TASK BRIEF — Pictures stay out of the output. Return exactly the lines below from the one with "New simple 1.5carat" down to the one with "#bracelets #pearcut #tanzanite", both included, and nothing more.

RECORDS SUPPLIED —
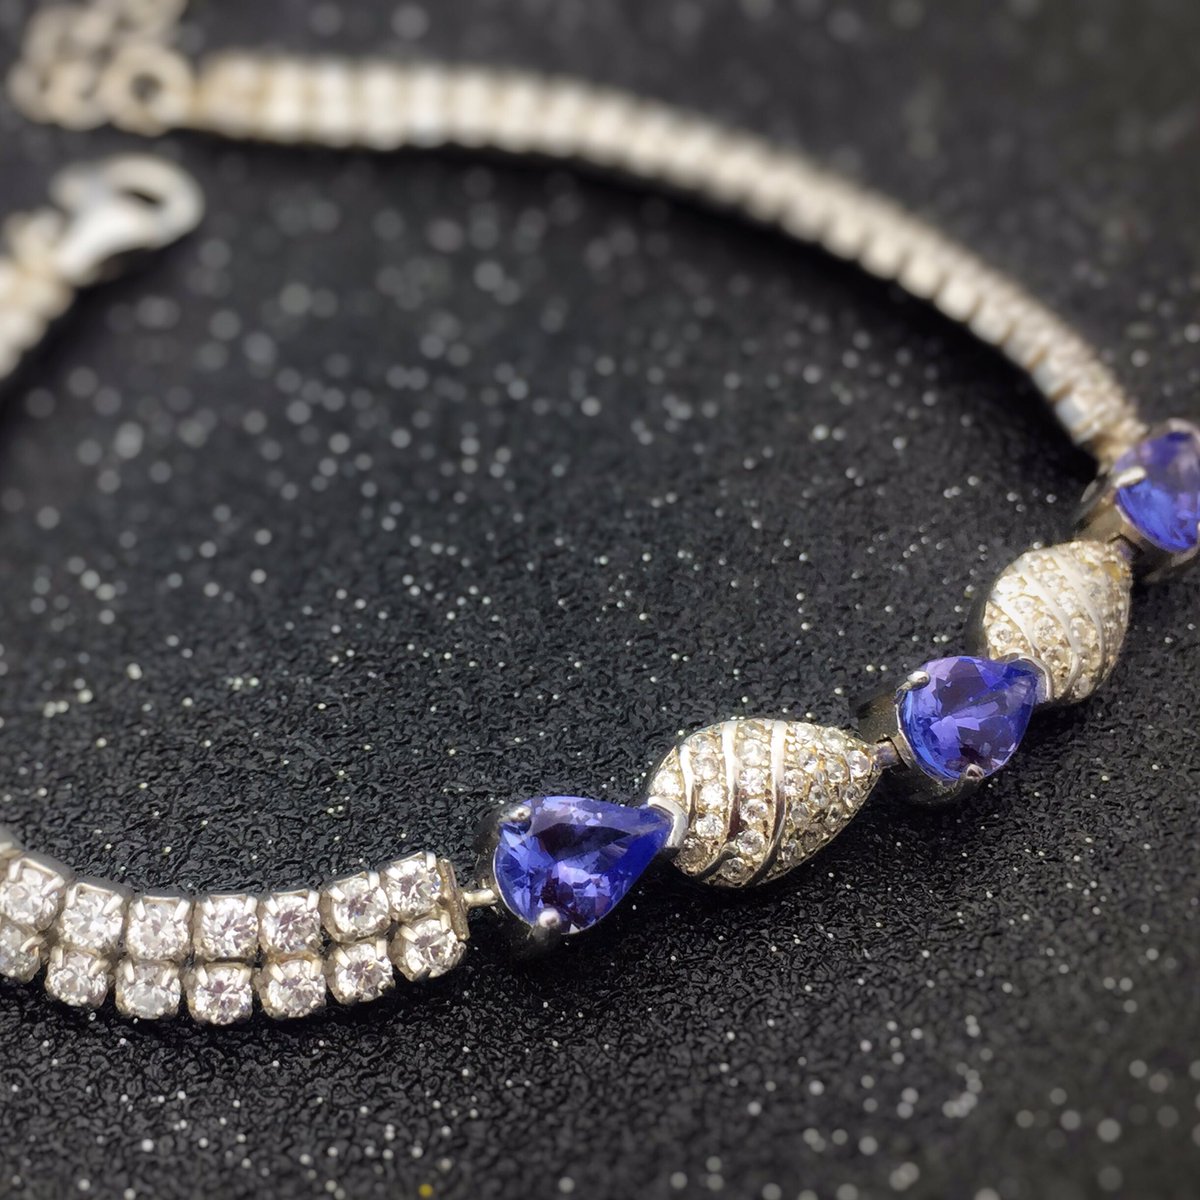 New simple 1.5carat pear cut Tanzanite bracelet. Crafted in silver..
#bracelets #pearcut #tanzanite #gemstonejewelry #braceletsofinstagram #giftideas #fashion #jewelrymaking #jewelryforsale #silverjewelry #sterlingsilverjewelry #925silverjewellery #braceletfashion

* * *

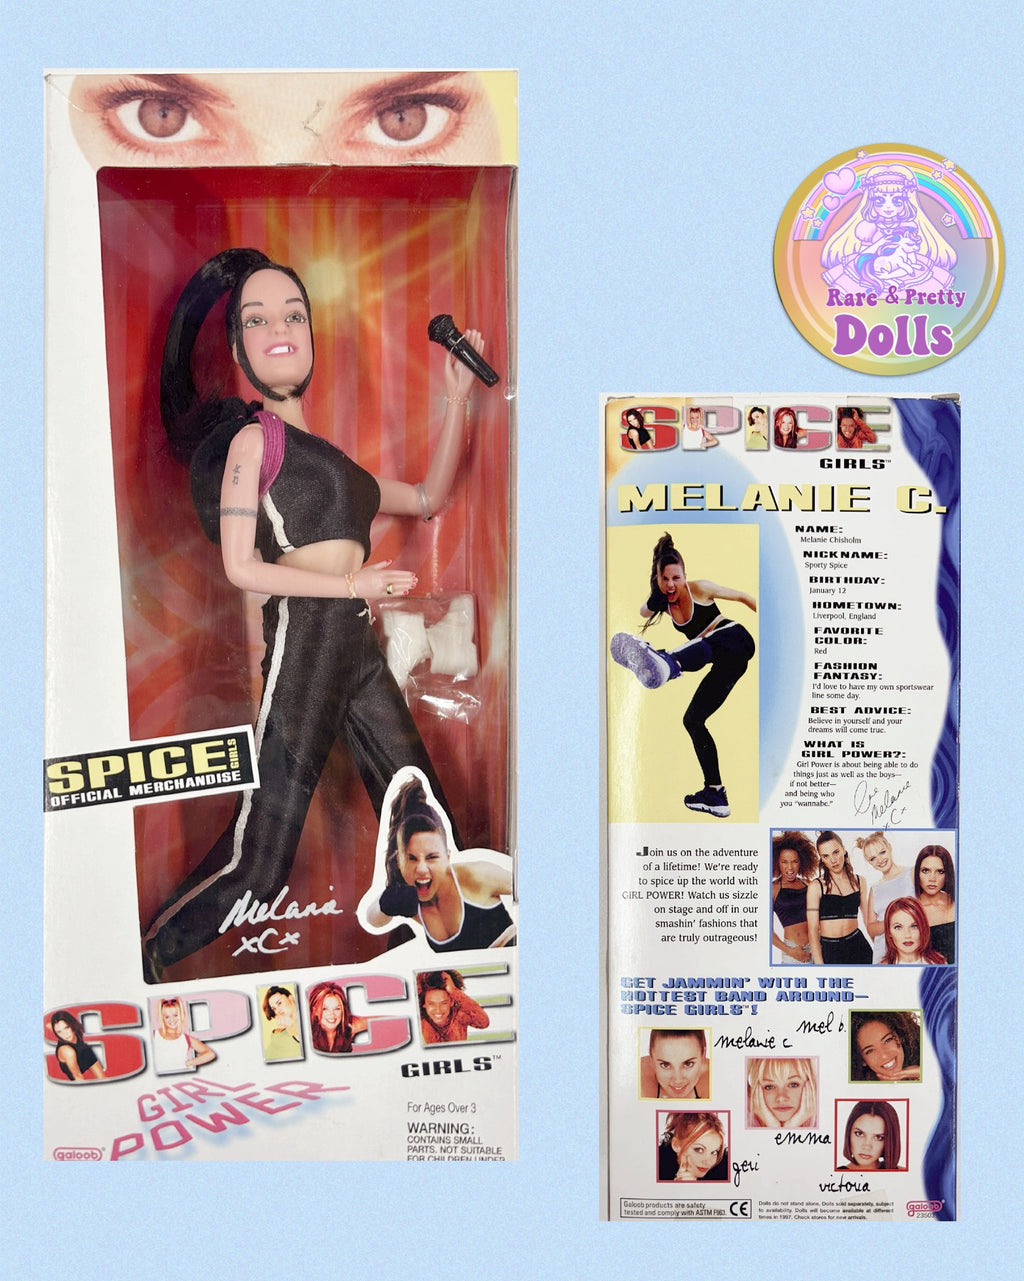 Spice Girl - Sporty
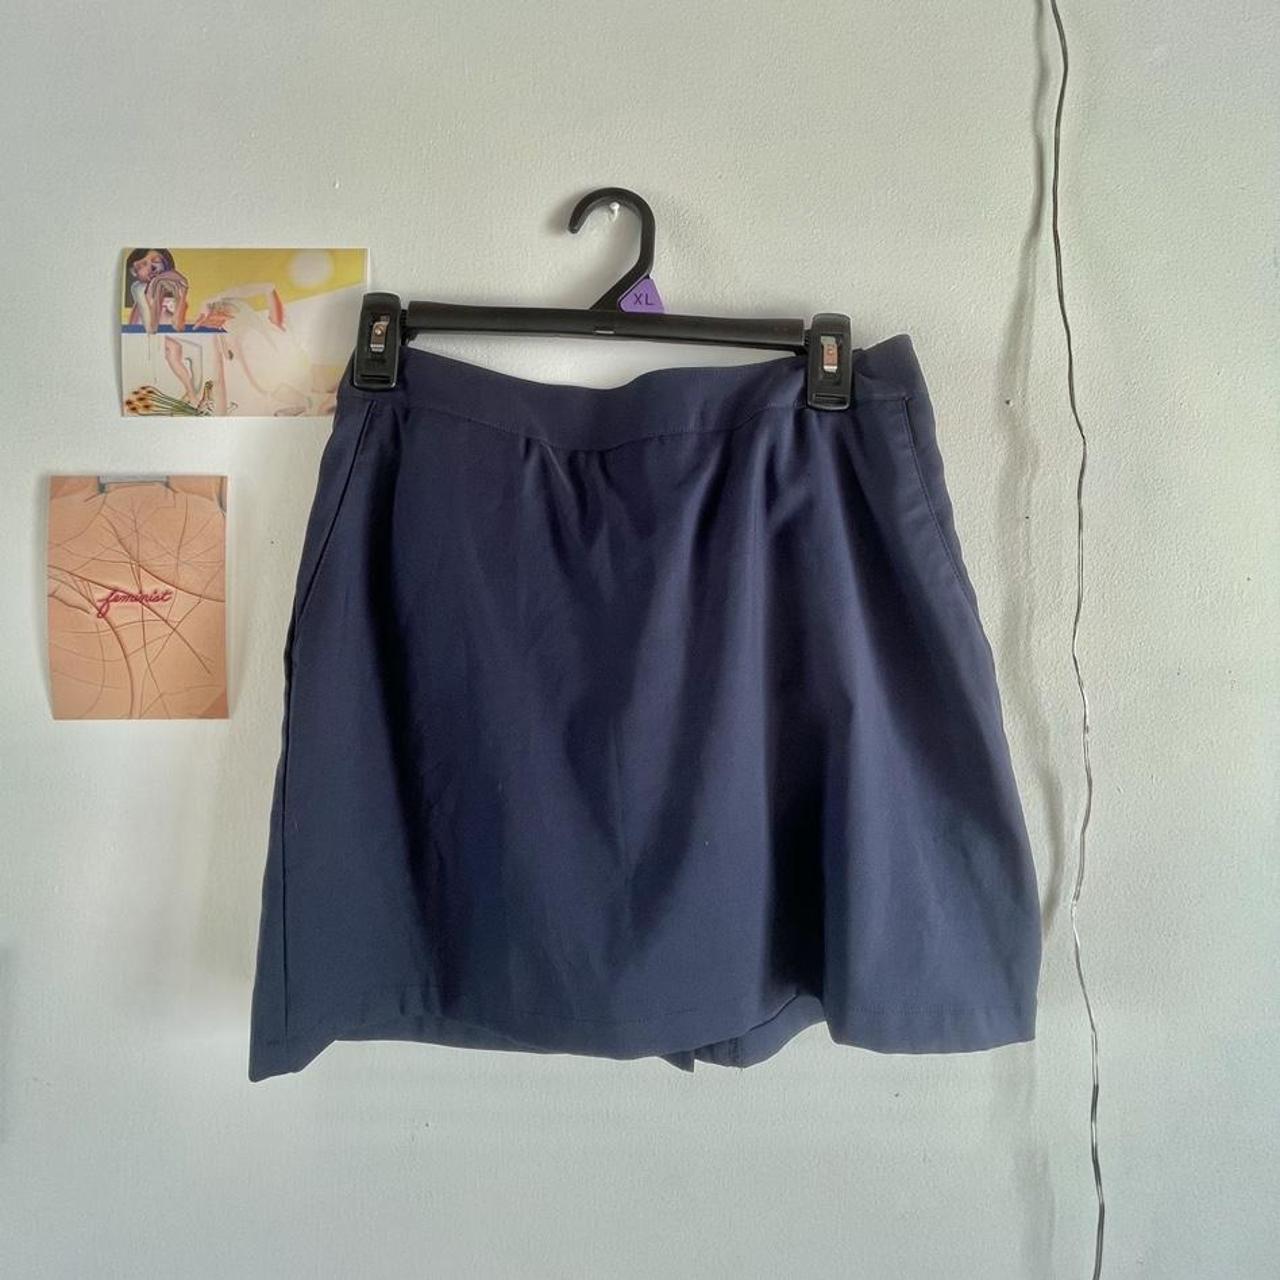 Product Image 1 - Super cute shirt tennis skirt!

EXERCISE OUTPUT —
 New simple 1.5carat pear cut Tanzanite bracelet. Crafted in silver..
#bracelets #pearcut #tanzanite #gemstonejewelry #braceletsofinstagram #giftideas #fashion #jewelrymaking #jewelryforsale #silverjewelry #sterlingsilverjewelry #925silverjewellery #braceletfashion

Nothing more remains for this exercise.